The way to overcome this problem is to insert a restriction before the bleed, as has been done here. This way, the bleed needs to flow only a small amount of air to make a large difference to the pressure seen by the wastegate diaphragm. Introducing the restriction is fundamental to the way in which this system works. The insertion of the restrictor also adds a measure of wastegate delay - the wastegate doesn't start to open until all the hosing the other side of the restriction is filled with pressurised air.
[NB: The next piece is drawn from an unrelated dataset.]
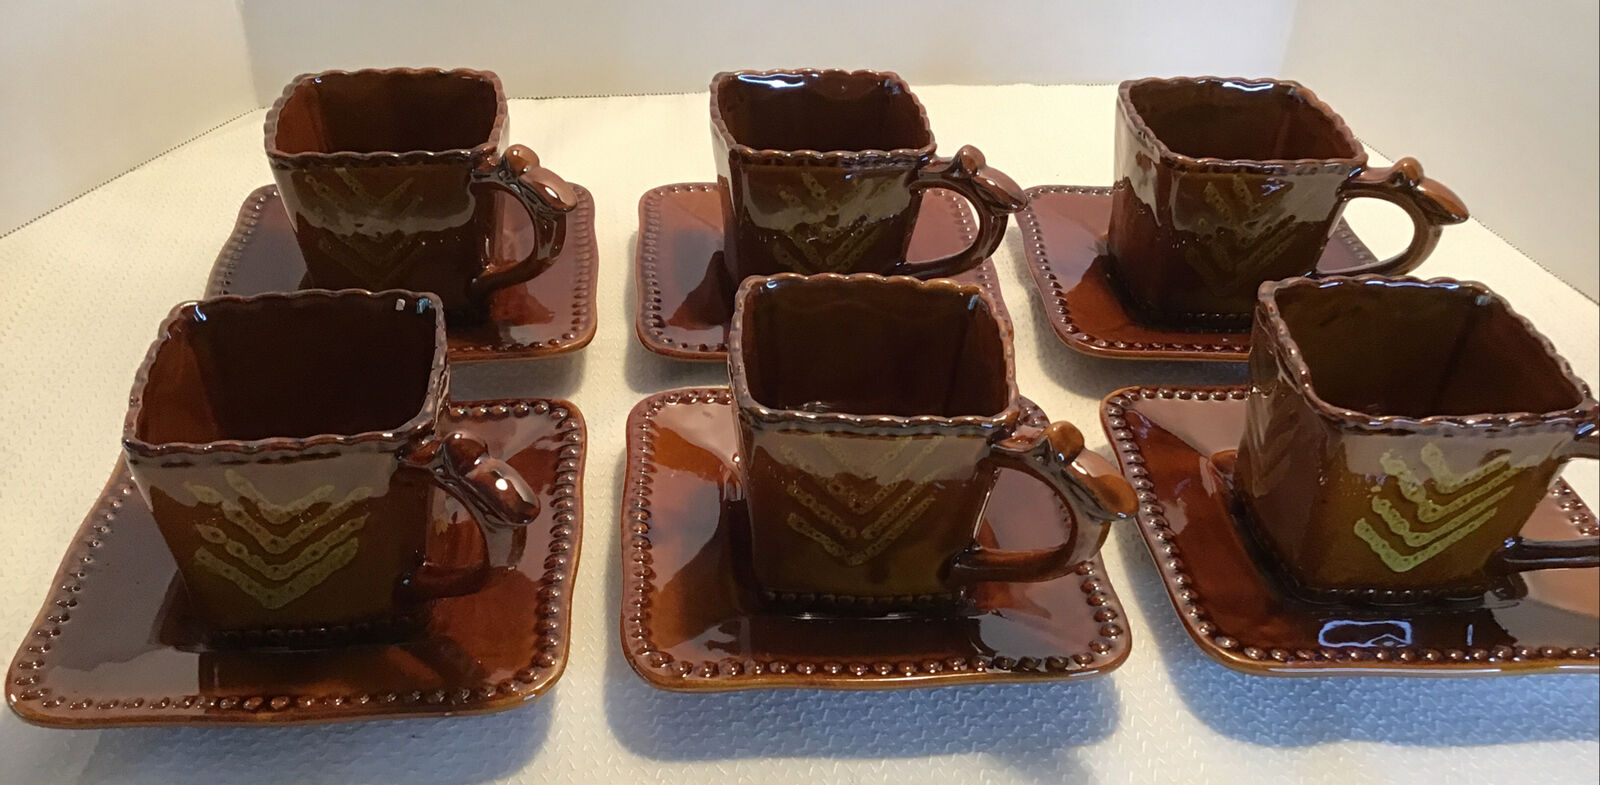 Coffee Cup And Saucer Set Pottery, Golden Star Imports, Dark Brown/ Gold 12 Pc.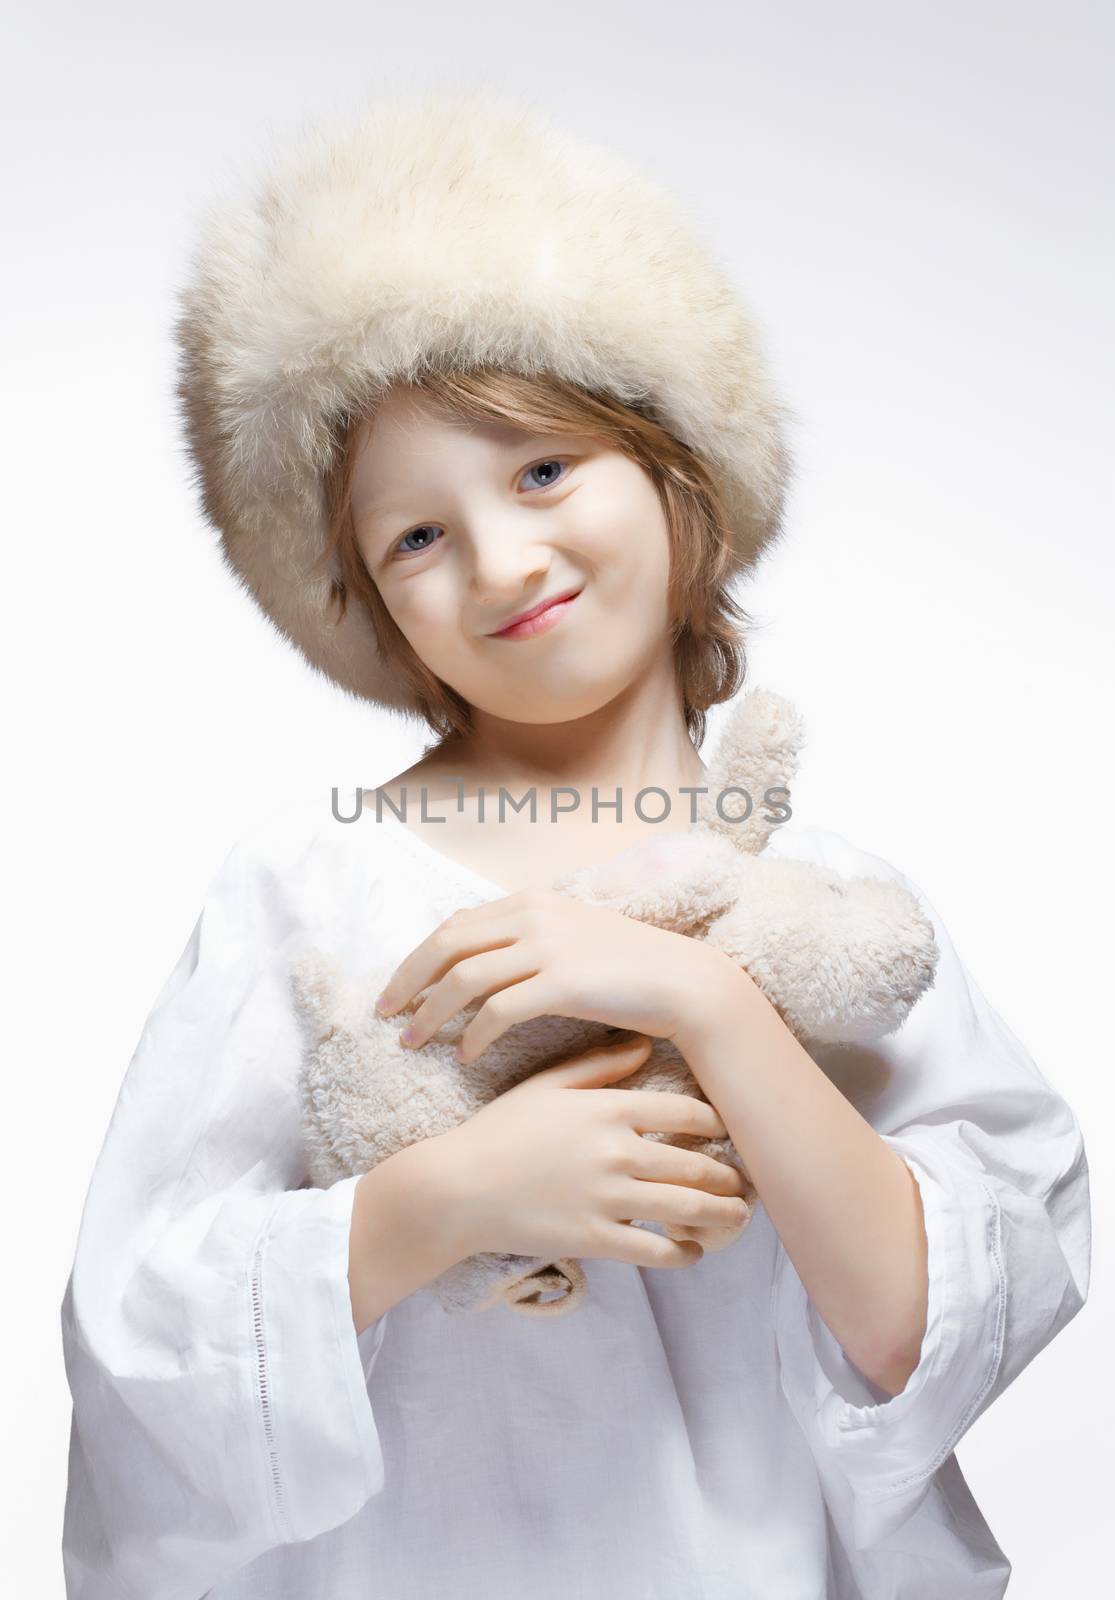 Portrait of a Boy with Fluffy Hat and Stuffed Animal by courtyardpix

That's the theory - what about the practice? You'll need two valves, one or two T-pieces, some quarter inch hose and some hose clamps. The main in-cabin (or under-bonnet) control valve is a quarter inch needle valve, which is the valve on the left in the picture. A needle valve is a multi-turn (often 5 or 8 turns) brass valve that gives fine control over flow. It's like a well-made tap. For the restriction, it's best to use a quarter inch ball valve (on right). A ball valve also allows adjustment of the flow through it, but it's a valve that either shuts off the flow or fully opens it with just a 90 degree turn. Both of those valves are available from companies than specialise in pneumatics and hydraulics - check your phone book. While you are at the valve supplier, pick up a quarter inch T-piece and some hose clamps. The only other part needed is a couple of metres of quarter inch fuel hose - you can easily work out exactly how much you need before you go to buy it.
The system is organised as shown in the diagram. The location of the ball valve restriction, T-piece and needle valve are important - don't get their positions within the system confused. The ball valve (the restriction) is normally placed under the bonnet close to the turbo. The needle valve (the adjuster) can also be under the bonnet or if you wish, you can mount it inside the cabin.
The Guinea Pig
We fitted this boost control to a Nissan EXA. Before the system could be installed, the EXA's safety pressure relief valve on the plenum chamber was removed and a normal hardware store water pipe plug screwed in to replace it. The ball valve restriction was then mounted on the inner guard close to the turbo and the needle valve was placed at a convenient location on the dash.
A comparison of the new and old boost curves is shown here. Note that the new boost curve falls in level as revs climb. This characteristic of the boost control system causes concern to some, but it has a major benefit. The control system has a built-in "over-boost" capability that allows the engine to pull a higher peak boost pressure for a short time. Most cars can tolerate a peak boost level higher in the mid-range than can be sustained at high revs. If desired, adjustment of the two valves can be used to dial out much of this drop-off, which also varies from car to car.
If you want an even higher initial peak boost value, simply T into the wastegate line a small sealed volume, such as a small aerosol can or the pictured camping water container. This will allow boost to flare a bit, as the can needs to fill with pressurised air before the wastegate starts to move. This can be a surprisingly effective modification - on one Charade Turbo, fitting just the over-boost can was enough to give wheelspin on every full throttle first-second gear change!